Would you copy every record exactly as it stands and drop the pictures?
++++ DATASET ENTRIES
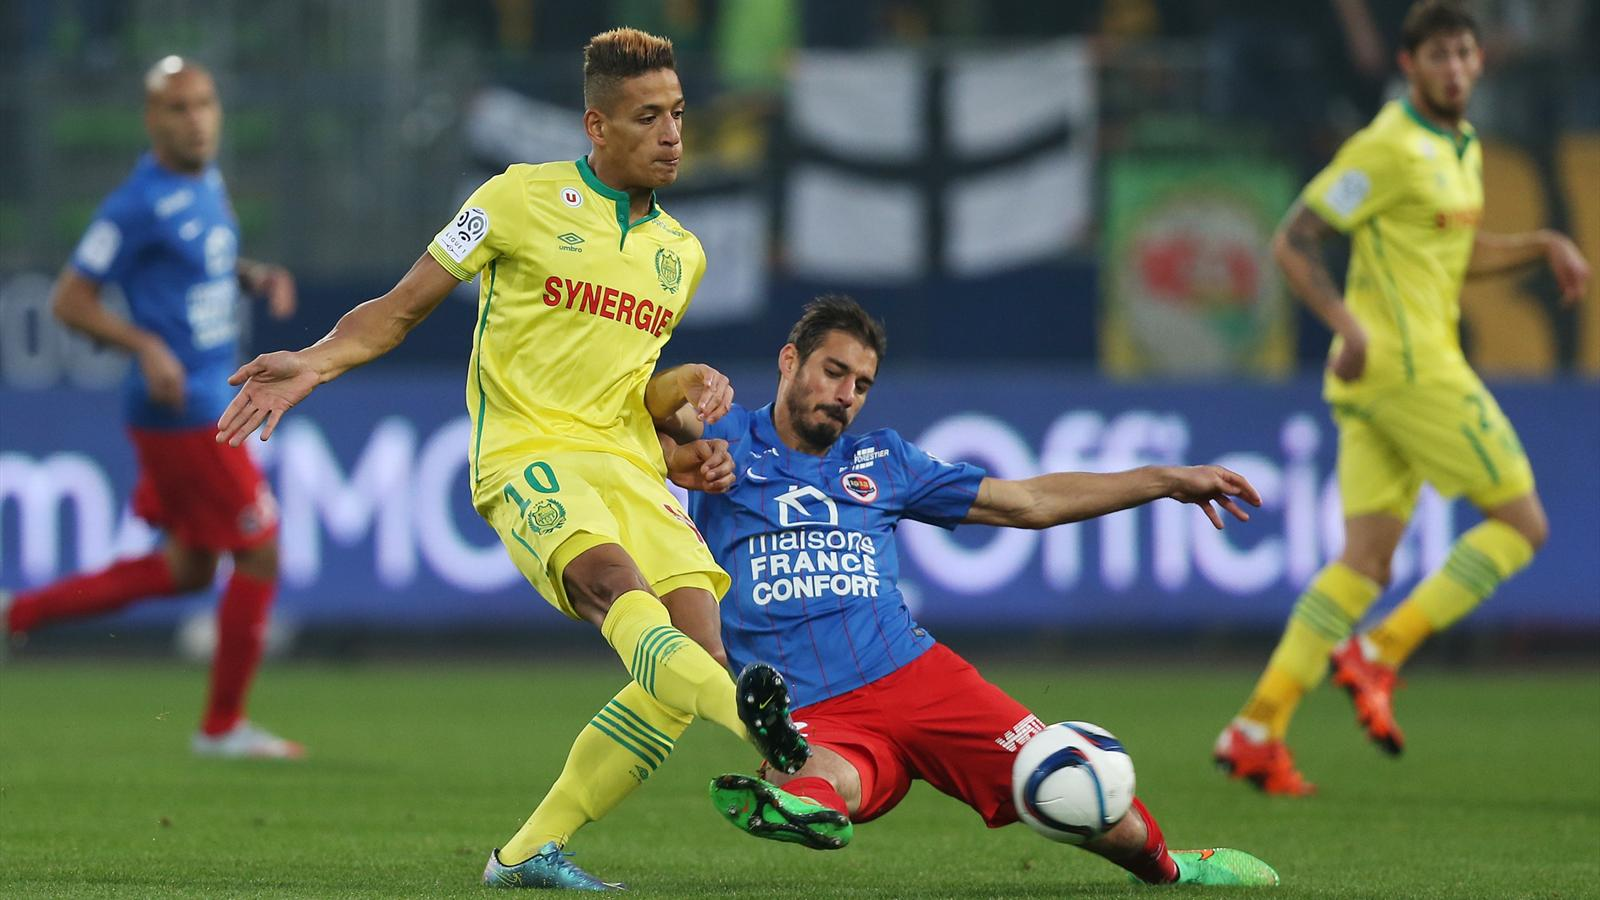 Nicolas Seube tacle Yacine Bammou lors de Caen-Nantes
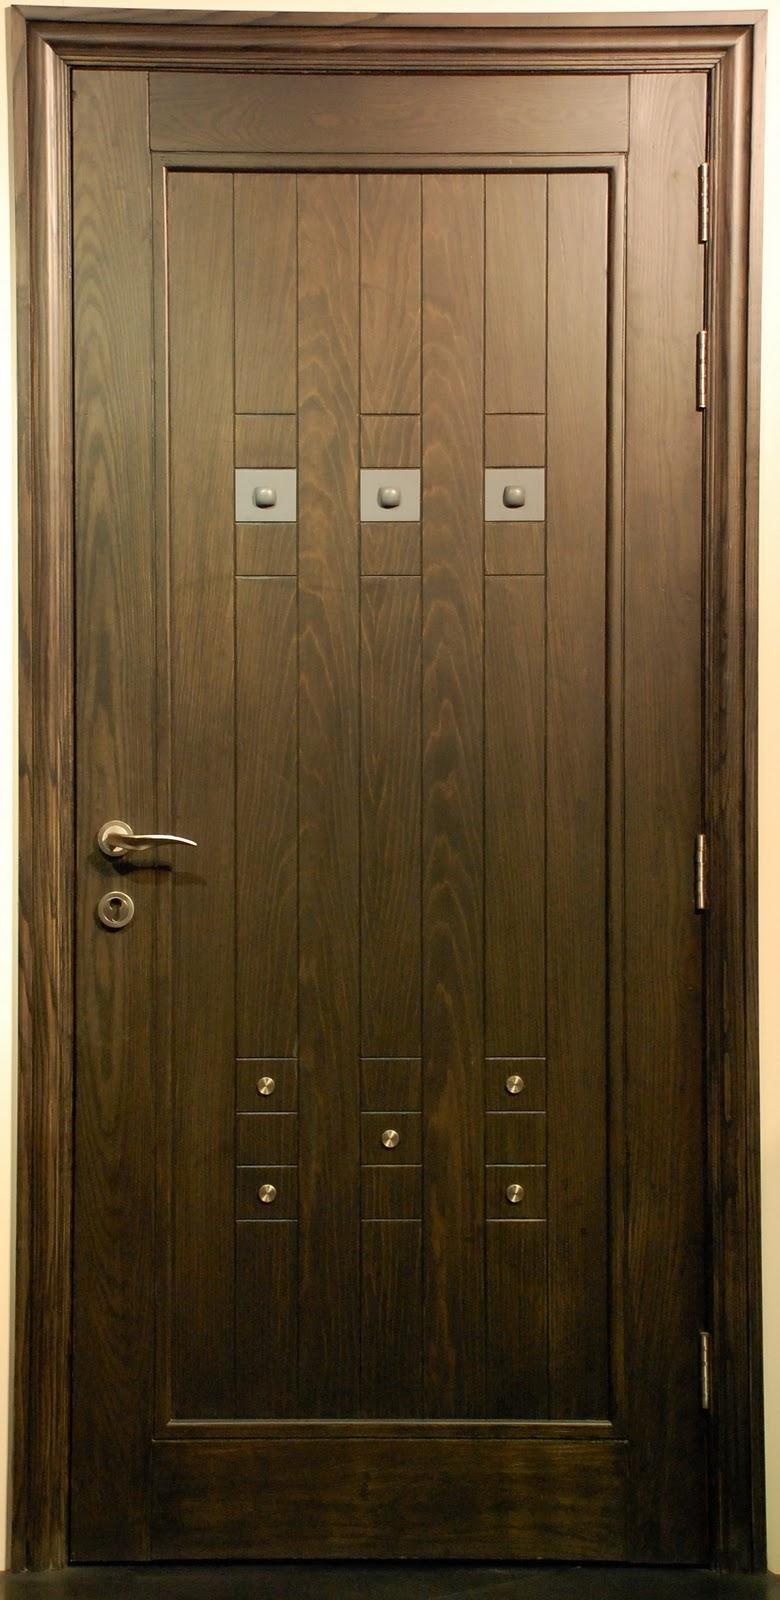 Dayar wooden front door hpd458 solid wood doors al habib panel - There Has Some Kind Of Door Solid Wood Semi Solid Veneer Engineer Door Which Make In These Wood Ash Accasia Beach Diyar
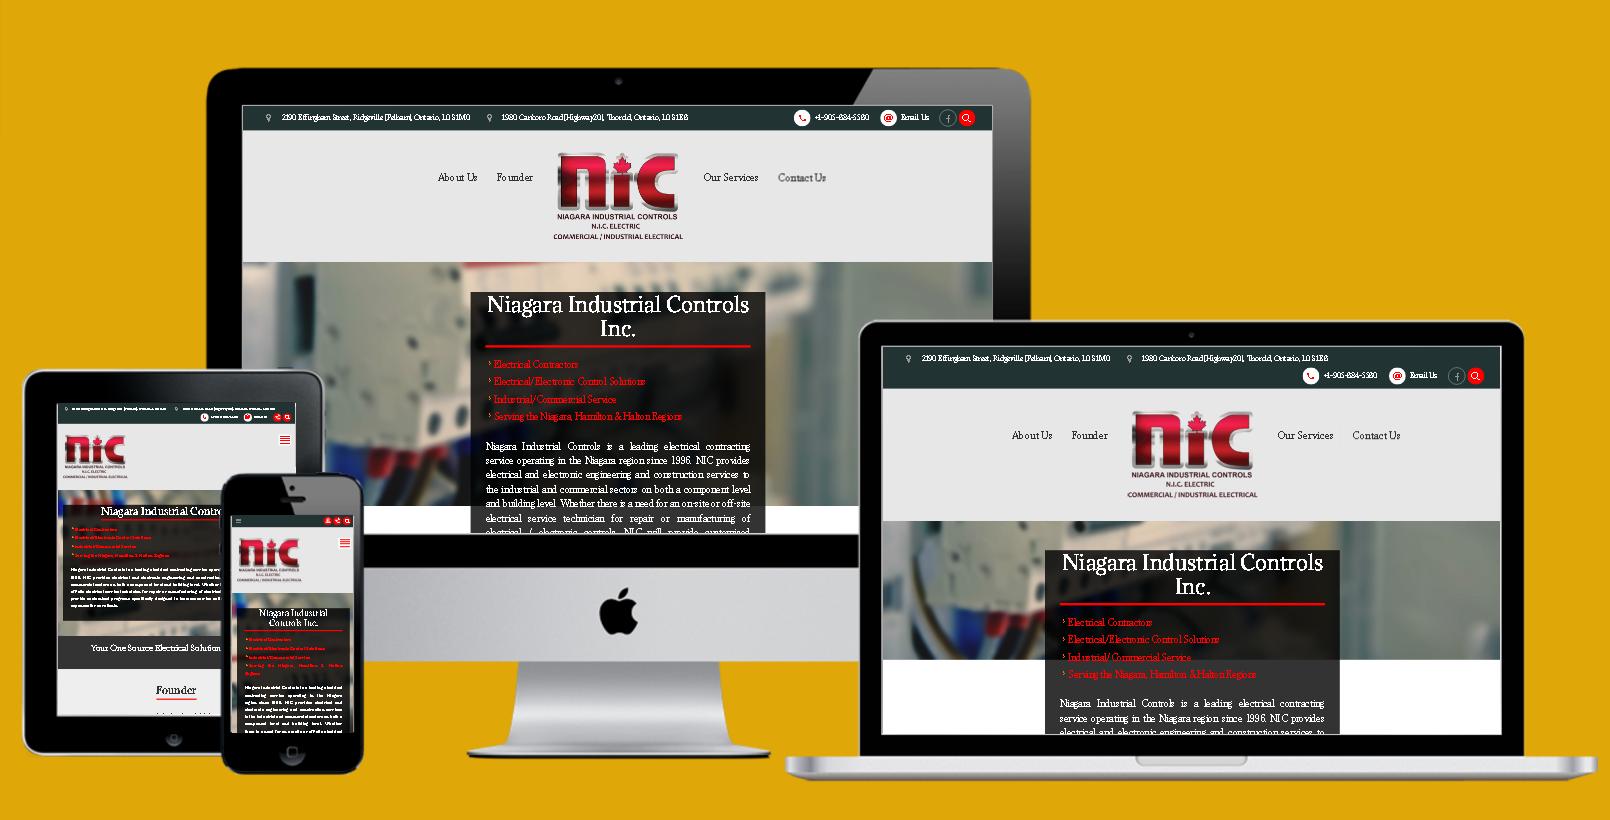 Niagara Industrial Controls Inc.
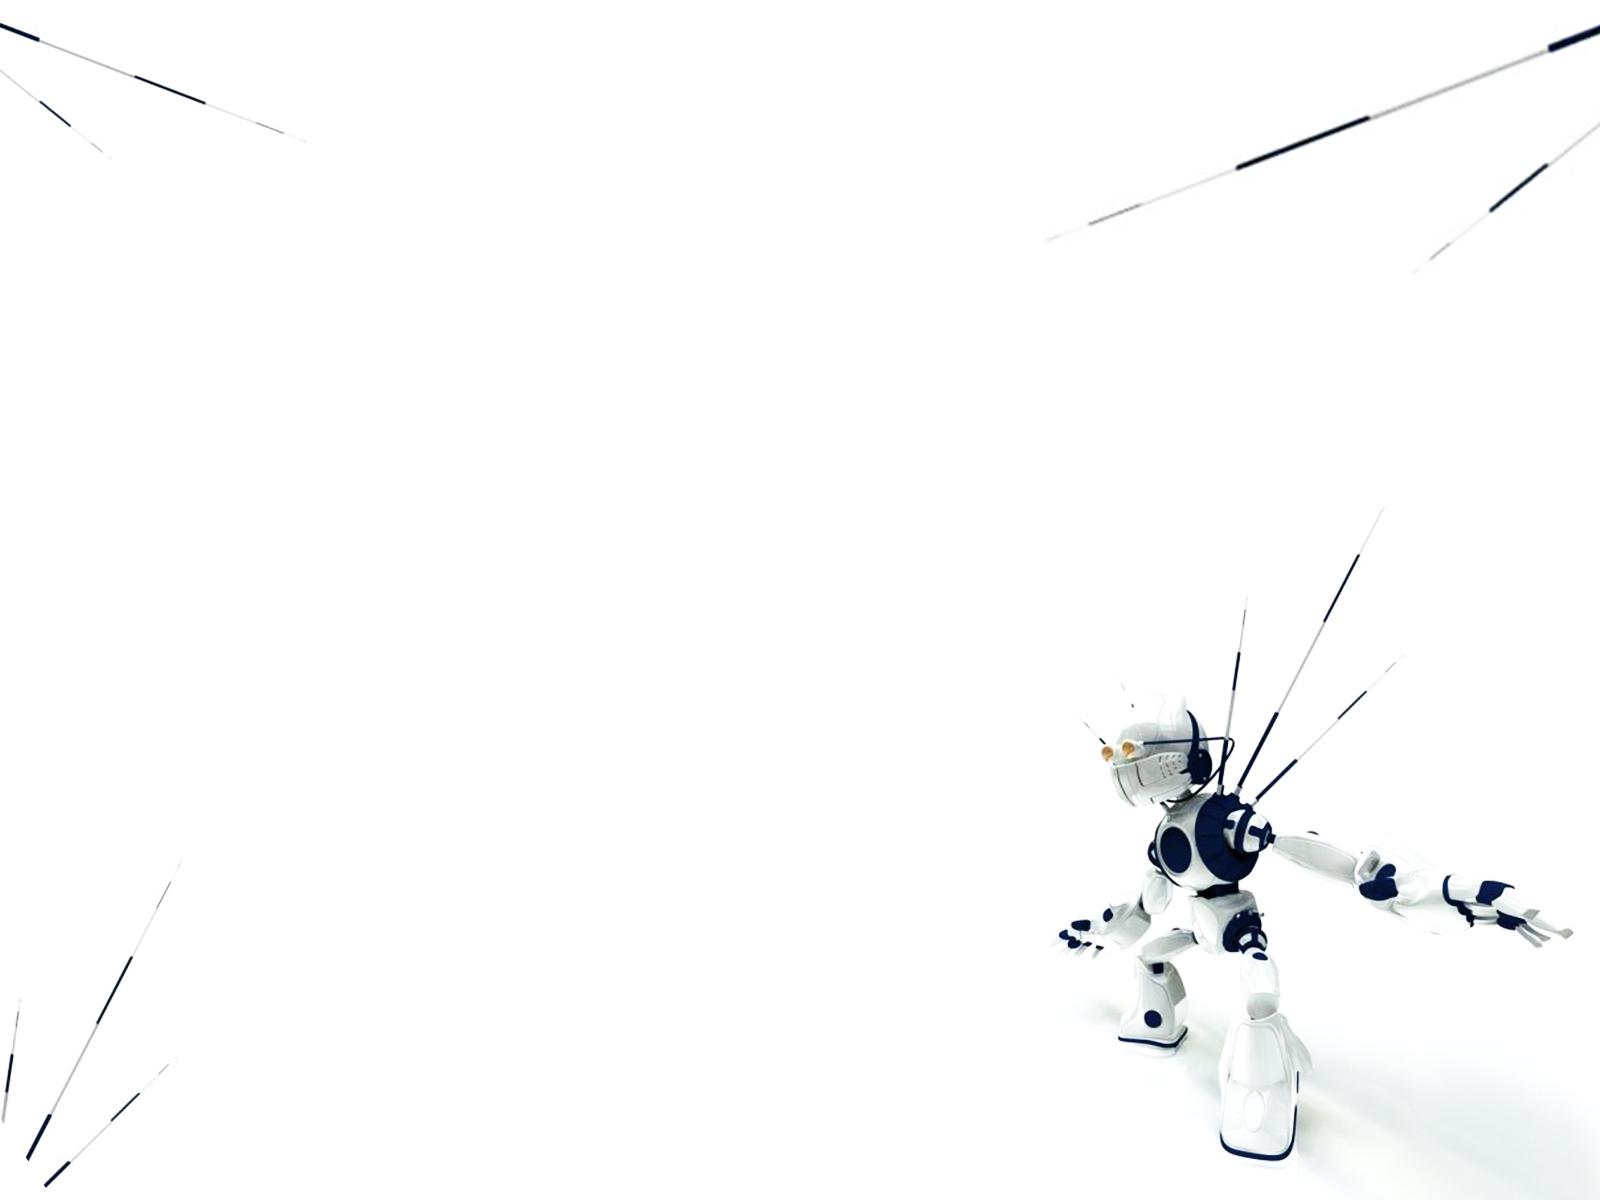 Smart Robotic Backgrounds | 3D, Cartoon, White Templates ...
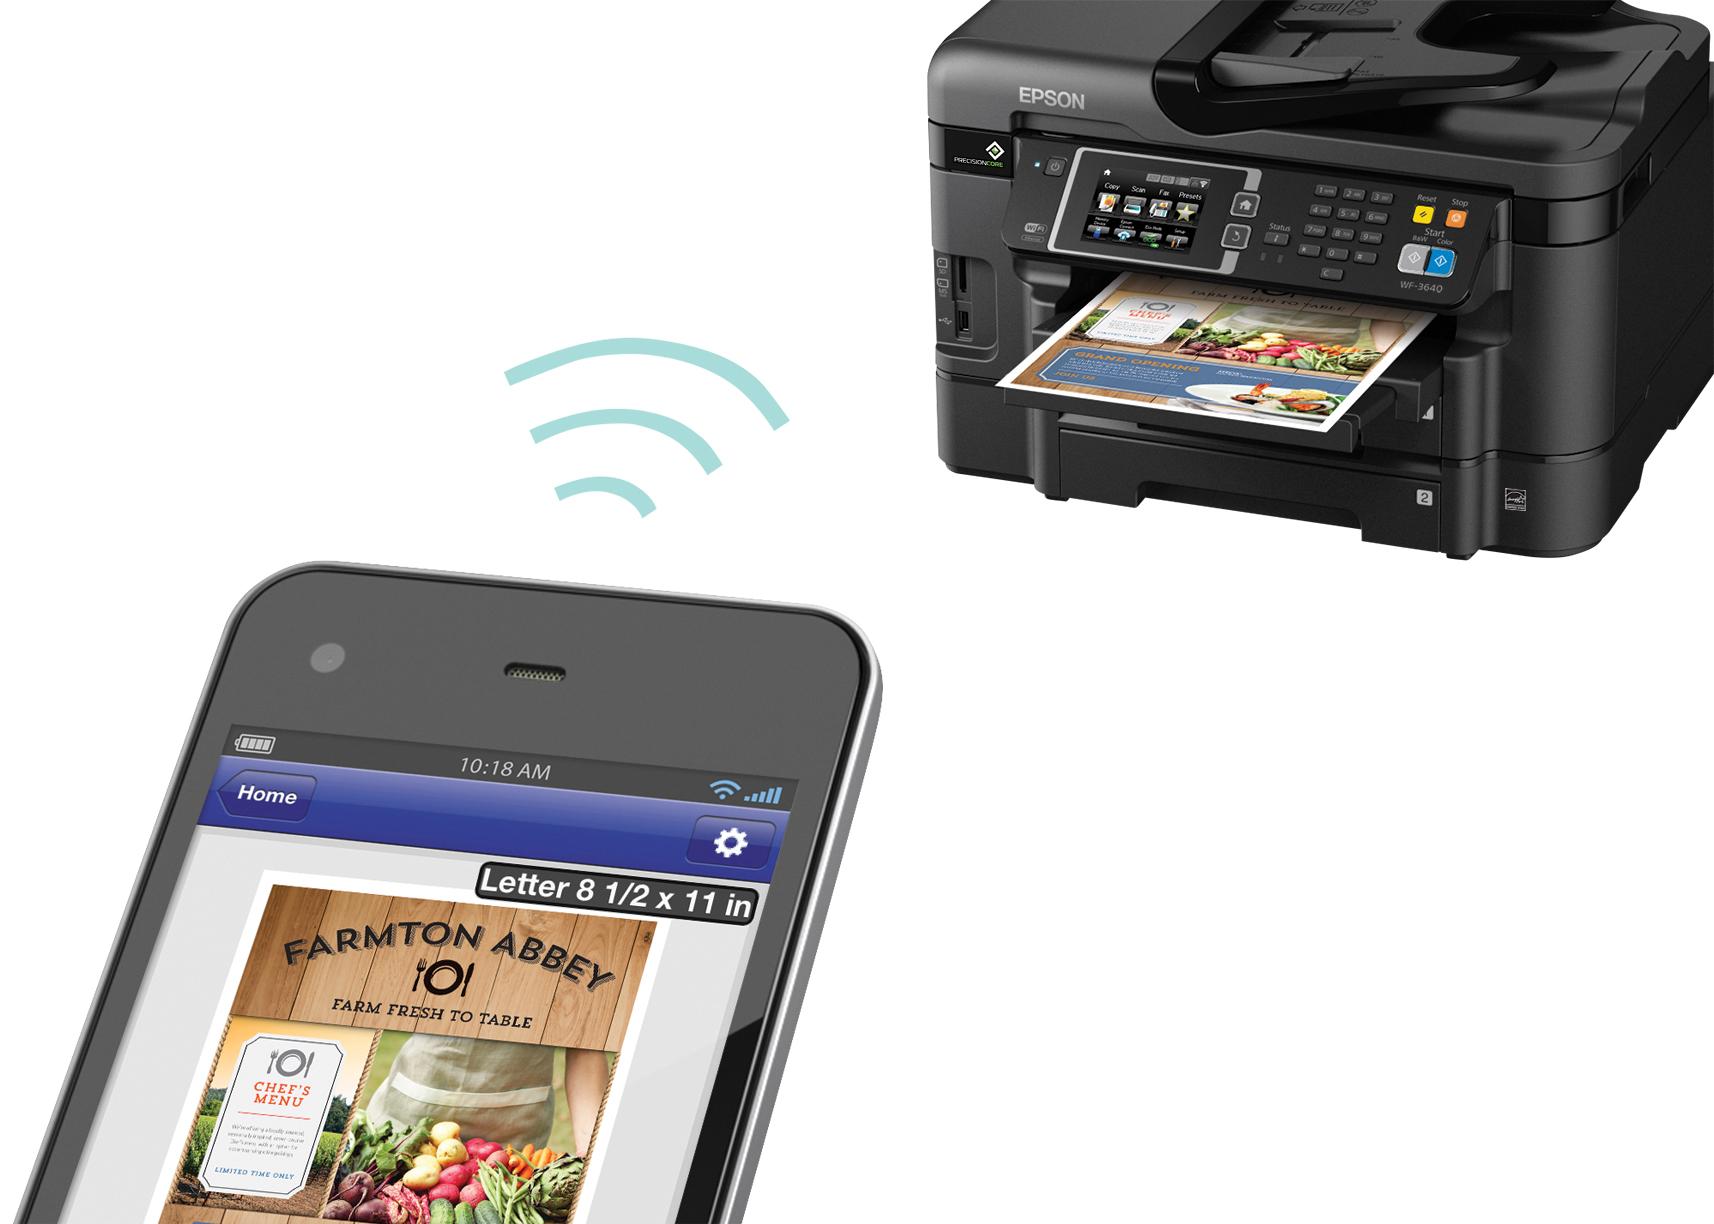 Epson-C11CD16201-WorkForce-WF-3640-All-in-One-Printer-Copier-Scanner-Fax-Machine thumbnail 4
++++++++
RESULT:
 Nicolas Seube tacle Yacine Bammou lors de Caen-Nantes
 Dayar wooden front door hpd458 solid wood doors al habib panel - There Has Some Kind Of Door Solid Wood Semi Solid Veneer Engineer Door Which Make In These Wood Ash Accasia Beach Diyar
 Niagara Industrial Controls Inc.
 Smart Robotic Backgrounds | 3D, Cartoon, White Templates ...
 Epson-C11CD16201-WorkForce-WF-3640-All-in-One-Printer-Copier-Scanner-Fax-Machine thumbnail 4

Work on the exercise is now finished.